5.2 Headless + StatefulSet = per-Pod DNS

A StatefulSet with a headless Service and serviceName: db gives you:

db-0.db.prod.svc.cluster.local  →  10.244.1.5   (Pod 0)
db-1.db.prod.svc.cluster.local  →  10.244.2.7   (Pod 1)
db-2.db.prod.svc.cluster.local  →  10.244.3.9   (Pod 2)

This is the canonical way to address individual replicas for stateful workloads.

5.3 Headless gotchas

  • No ClusterIP — anything that does a name → IP lookup gets multiple records. Some clients assume a single record and break.
  • No kube-proxy DNAT — kube-proxy doesn’t install iptables rules for headless Services. The traffic goes straight from the client Pod to the Pod IP, which means the client Pod’s network stack must be able to reach the Pod IP directly. On any well-configured CNI, this works.
  • Service discovery is “stale” until DNS TTL expires — the client caches the IPs. With Kubernetes DNS, the default TTL is 30s. A Pod that gets recreated may keep being hit until the cache refreshes.
  • publishNotReadyAddresses: true is common on headless StatefulSets — so that clients can find Pods that aren’t Ready yet (e.g. for a join operation).

6. Multi-Port Services

apiVersion: v1
kind: Service
metadata:
  name: app
spec:
  selector:
    app: app
  ports:
  - name: http
    port: 80
    targetPort: 8080
    protocol: TCP
  - name: metrics
    port: 9090
    targetPort: 9090
    protocol: TCP
  - name: grpc
    port: 50051
    targetPort: 50051
    protocol: TCP

Each port has a name. The name is required when you have more than one port (this was added in v1.0 to disambiguate; some legacy Services with single ports still work without names).

You can also mix protocols:

ports:
- name: http
  port: 80
  targetPort: 8080
  protocol: TCP
- name: dns-udp
  port: 53
  targetPort: 53
  protocol: UDP

Note: ClusterIP Services are per-protocol — TCP traffic and UDP traffic don’t share a Service. A Service can’t have both a TCP port 80 and a UDP port 80.

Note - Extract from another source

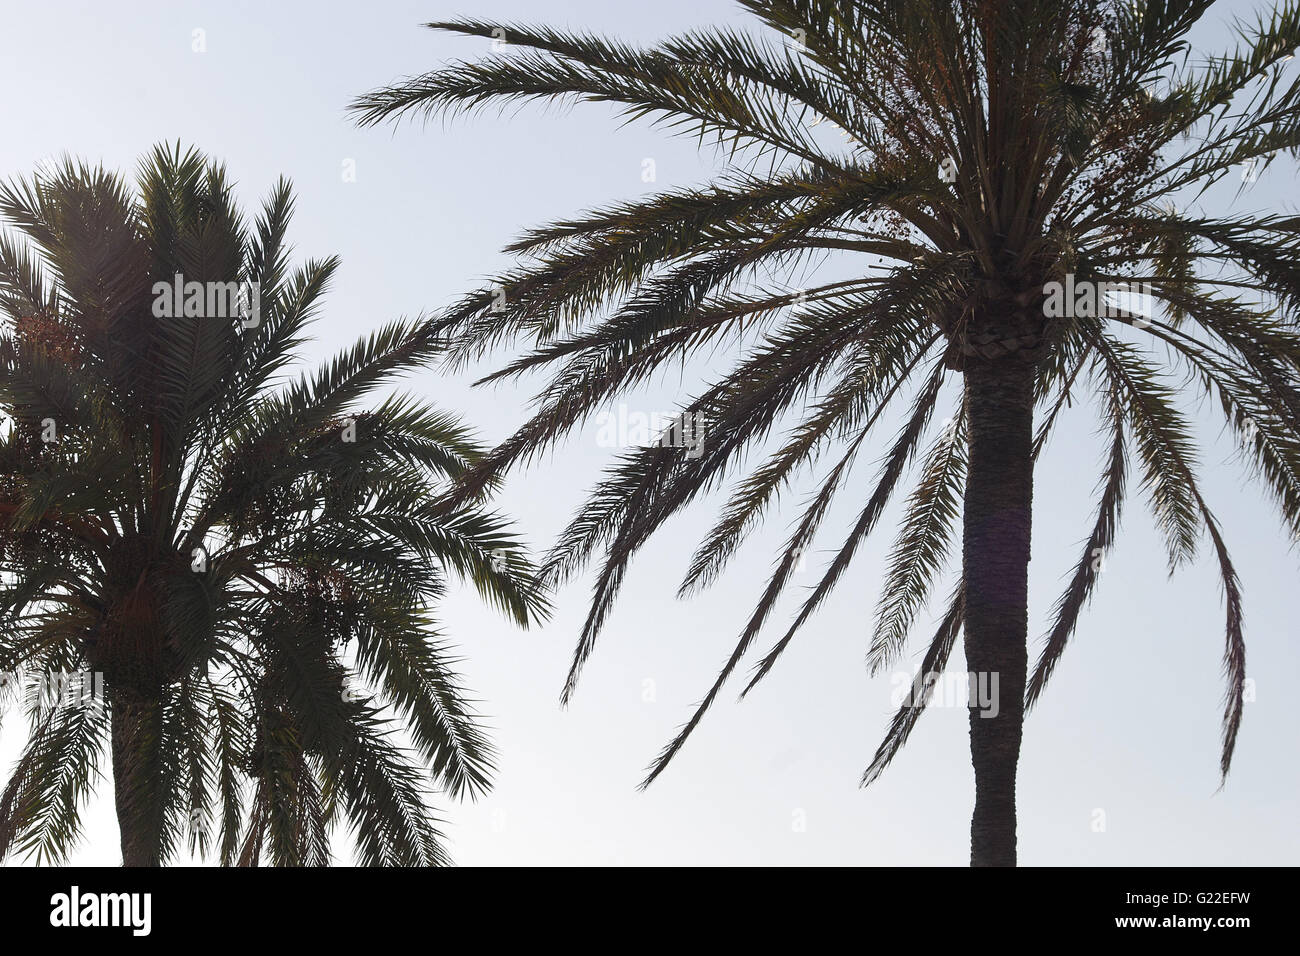 Un bel dettaglio poetica immagine di due palme sul viale di Palma il colpo da sotto contro un cielo blu chiaro, Palma Foto Stock
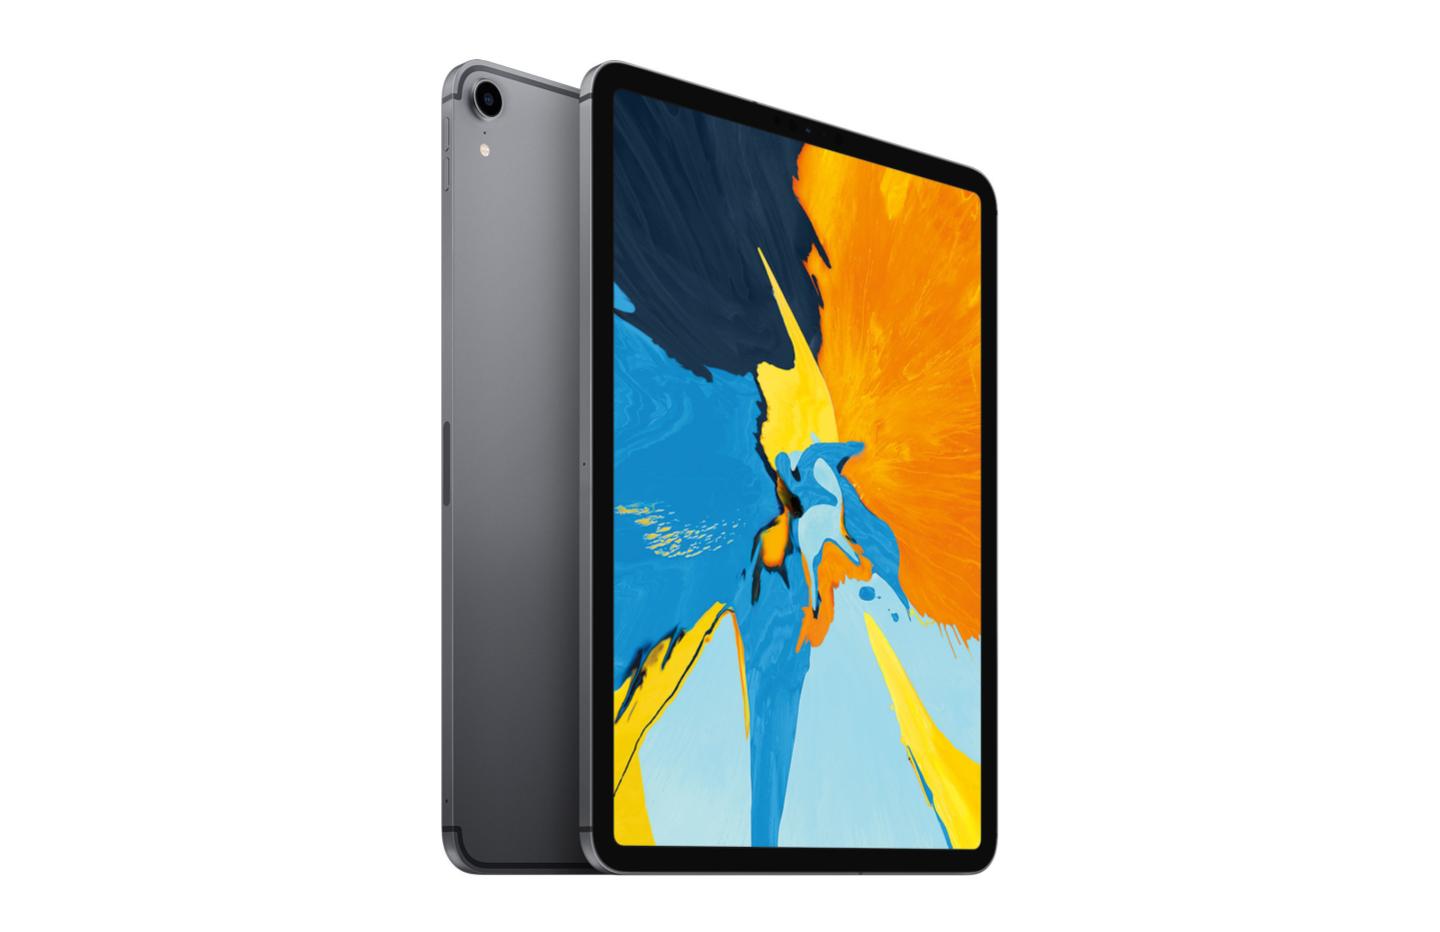 L'iPad Pro 11 (2018) 1 To chute presque au même prix que le modèle 256 Go -  Numerama

7. Session Affinity and Traffic Policies

7.1 Session affinity

By default, every connection is a fresh load balancing decision. Set sessionAffinity: ClientIP to make it sticky:

spec:
  sessionAffinity: ClientIP
  sessionAffinityConfig:
    clientIP:
      timeoutSeconds: 10800   # 3 hours, max value

With this, all connections from the same client IP go to the same backend. Useful for:

  • Apps with in-memory state (legacy session storage)
  • WebSocket connections
  • Long-lived TCP connections where you don’t want reconnect overhead

Limitations:

  • The “client IP” is the source IP as seen by the Service. With externalTrafficPolicy: Cluster (default for NodePort / LoadBalancer), the source is the node IP, not the original client. So all clients hitting a given node go to the same backend, which is a worse affinity than you’d want. Use externalTrafficPolicy: Local to preserve the original client IP (see 7.2).
  • The default timeout is 10800s (3 hours), the max. There’s no way to make it shorter per Service.
  • Headless Services have no session affinity — they’re not kube-proxy-backed.

7.2 externalTrafficPolicy

For NodePort and LoadBalancer Services, the source IP of incoming traffic matters. Two modes:

Cluster (default): kube-proxy on any node can DNAT the traffic to any backend Pod. Source IP is the node IP, not the client IP. Two consequences:

  • Source IP is lost — the backend Pod sees the node as the client. Logging, geo-IP, rate-limiting all see the node’s IP.
  • Asymmetric routing — packets come in via node A (because that’s where the LB sent them), get DNAT’d to a Pod on node B, and the response goes back through node B. Sometimes this works, sometimes the LB gets confused.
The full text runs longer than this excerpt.